Final Hep B and DTaP – Appropriate. I would get MMR (measles, mumps, rubella) now. I would not (and do not) get yearly flu shots.
DTaP, IPV, Hep A series, MMR #2 – Appropriate. I do suggest that your spread these vaccinations out over a couple/few months. I still am not sold on the necessity of varicella. I do not think the risk across the board is high enough to warrant meningococcal or another PCV.
Updating Tdap reasonable. I do not agree with HPV vaccine necessity. And I’m not sold on even meningococcal. But, children at this age (and body mass) are better able to tolerate the toxins injected into their body, AND there are less vaccines for the immune system to deal with. I don’t like that it’s required, but it may not be worth fighting the schools for lack of compliance.
Age 13 – 18:
I would probably consider meningiococcal for pre-college freshmen if s/he hasn’t already received the vaccine.

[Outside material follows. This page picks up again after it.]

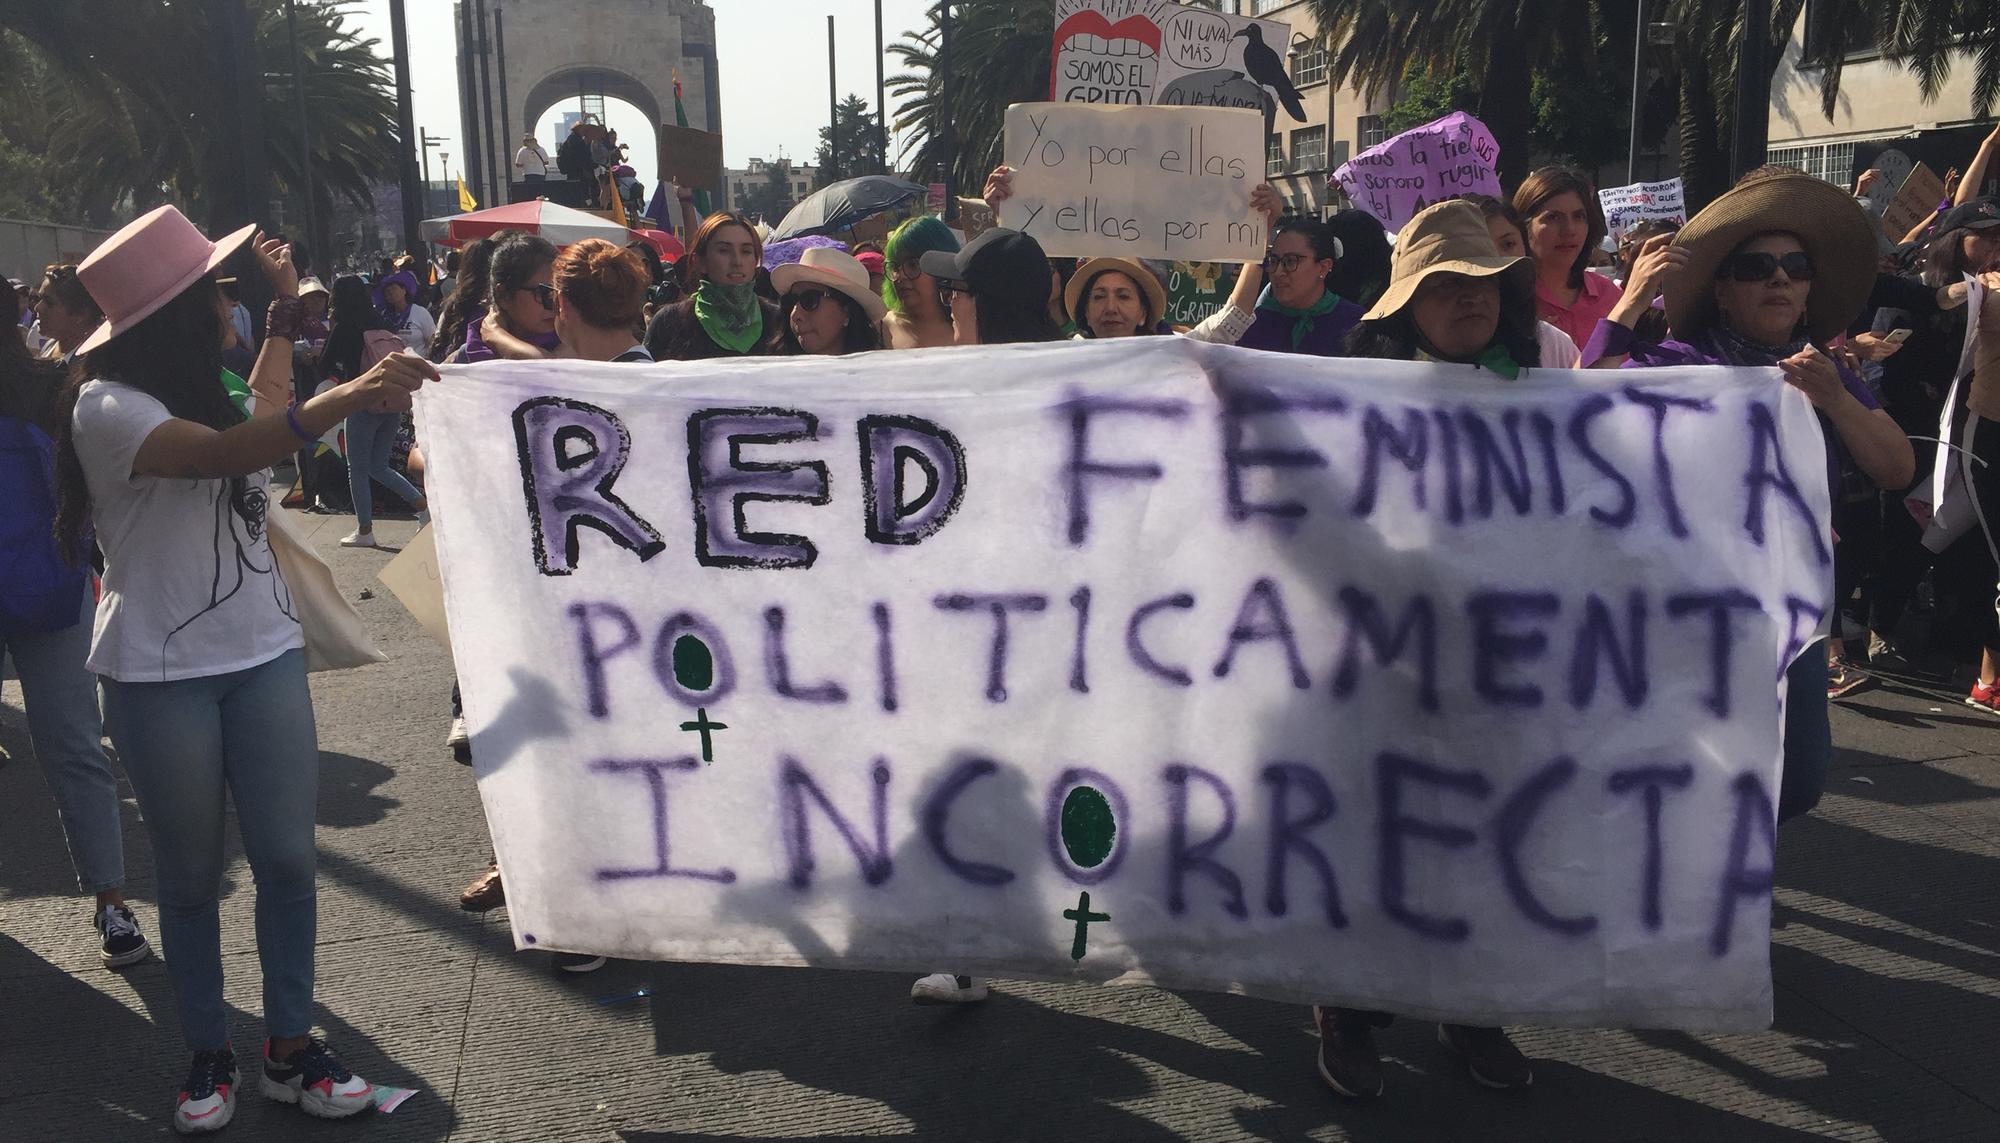 Red Feminista políticamente correcta

The vaccination schedule for adults is more ambiguous and individualized. In general, adults in developed countries should have received the standard childhood vaccinations. Specifically they should be up-to-date on: Tdap (5 doses), MMR (2 doses), Hep A (2 doses), Hep B (3 doses); plus or minus varicella (chicken pox). Tdap is updated every 10 years. Pneumococcal is recommended after age 65 year old (which is probably a good idea).

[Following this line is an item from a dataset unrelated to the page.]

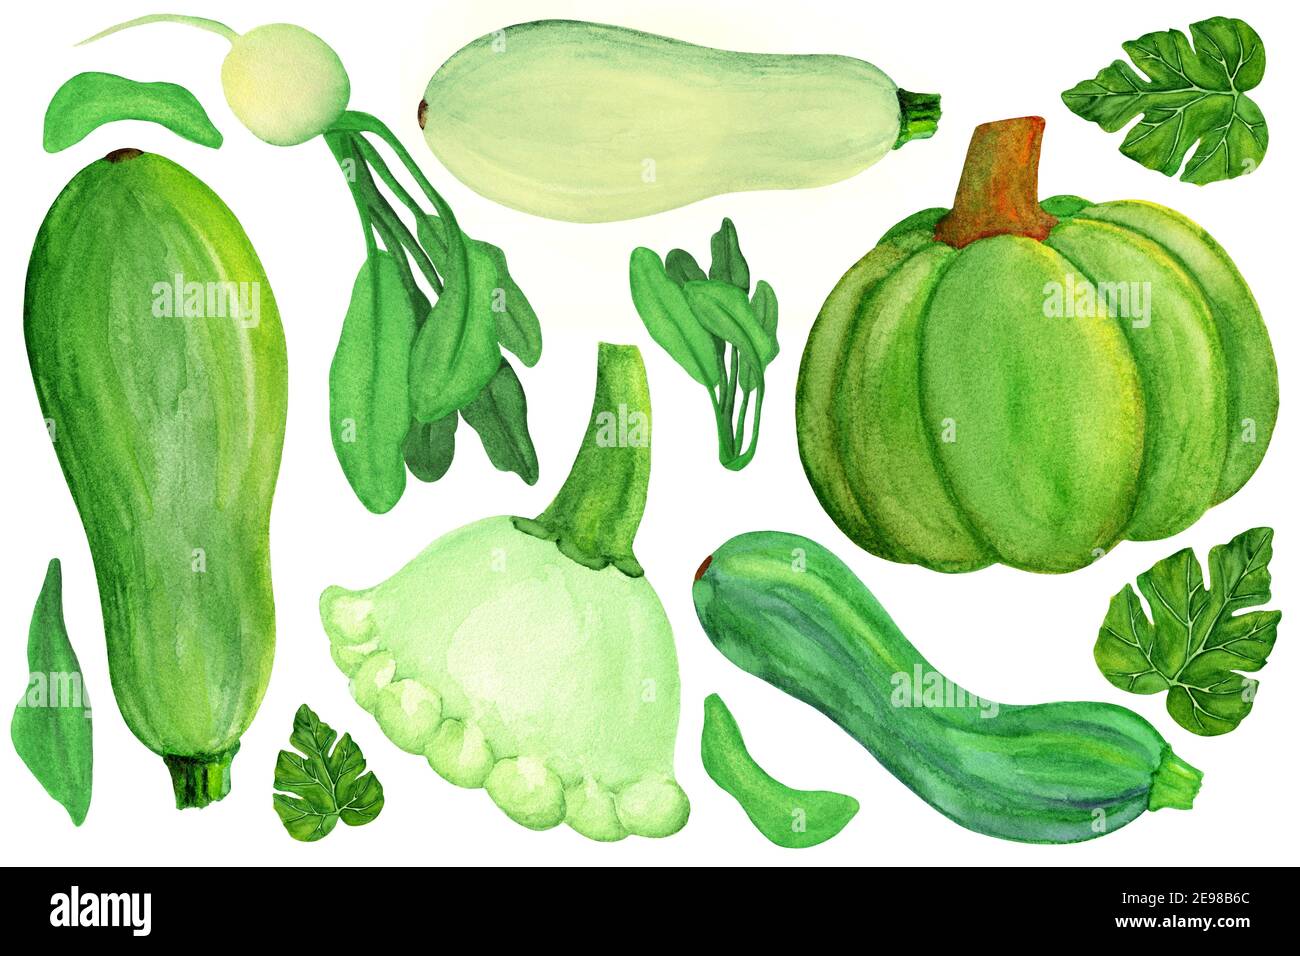 Green squashes and radish on white isolated background Stock Photo

When you decide to travel, it’s important to do specific research on your destination’s infectious disease issues, and if a vaccine (or prophylactic medication) is available, consider utilizing it. Some countries *require* travelers to receive (and show proof of) the completion of certain immunizations prior to entry and/or departure.
In developed countries, if all the standard vaccinations are up-to-date, life is easier when it comes time to travel. It is likely that you will need boosters of IPV and Tdap. Maybe consider having MMR, Hep A, Hep B titers drawn to make sure you’re immune. Typically typhoid vaccination is recommended – which I agree with. Meningococcal should be considered, but I think I actually decided against it for my family when we went to Ethiopia based on the risk/benefit ratio and our expected destination and scheduled activities. Yellow fever may be necessary – and if the destination is endemic, I would recommend getting this vaccine (although it does have a higher incidence of adverse side effects than is typical of vaccines). And of course, although no a vaccine, Malaria prophylaxis should be considered.
Overall, it is just too complicated to generalize travel vaccinations. There are just so many factors at play. A great website for obtaining information is: Netdoctor.co.uk.
Of course there are always populations that should receive more (or less) vaccinations – so be sure to make an educated decision with the help of your trusted physician!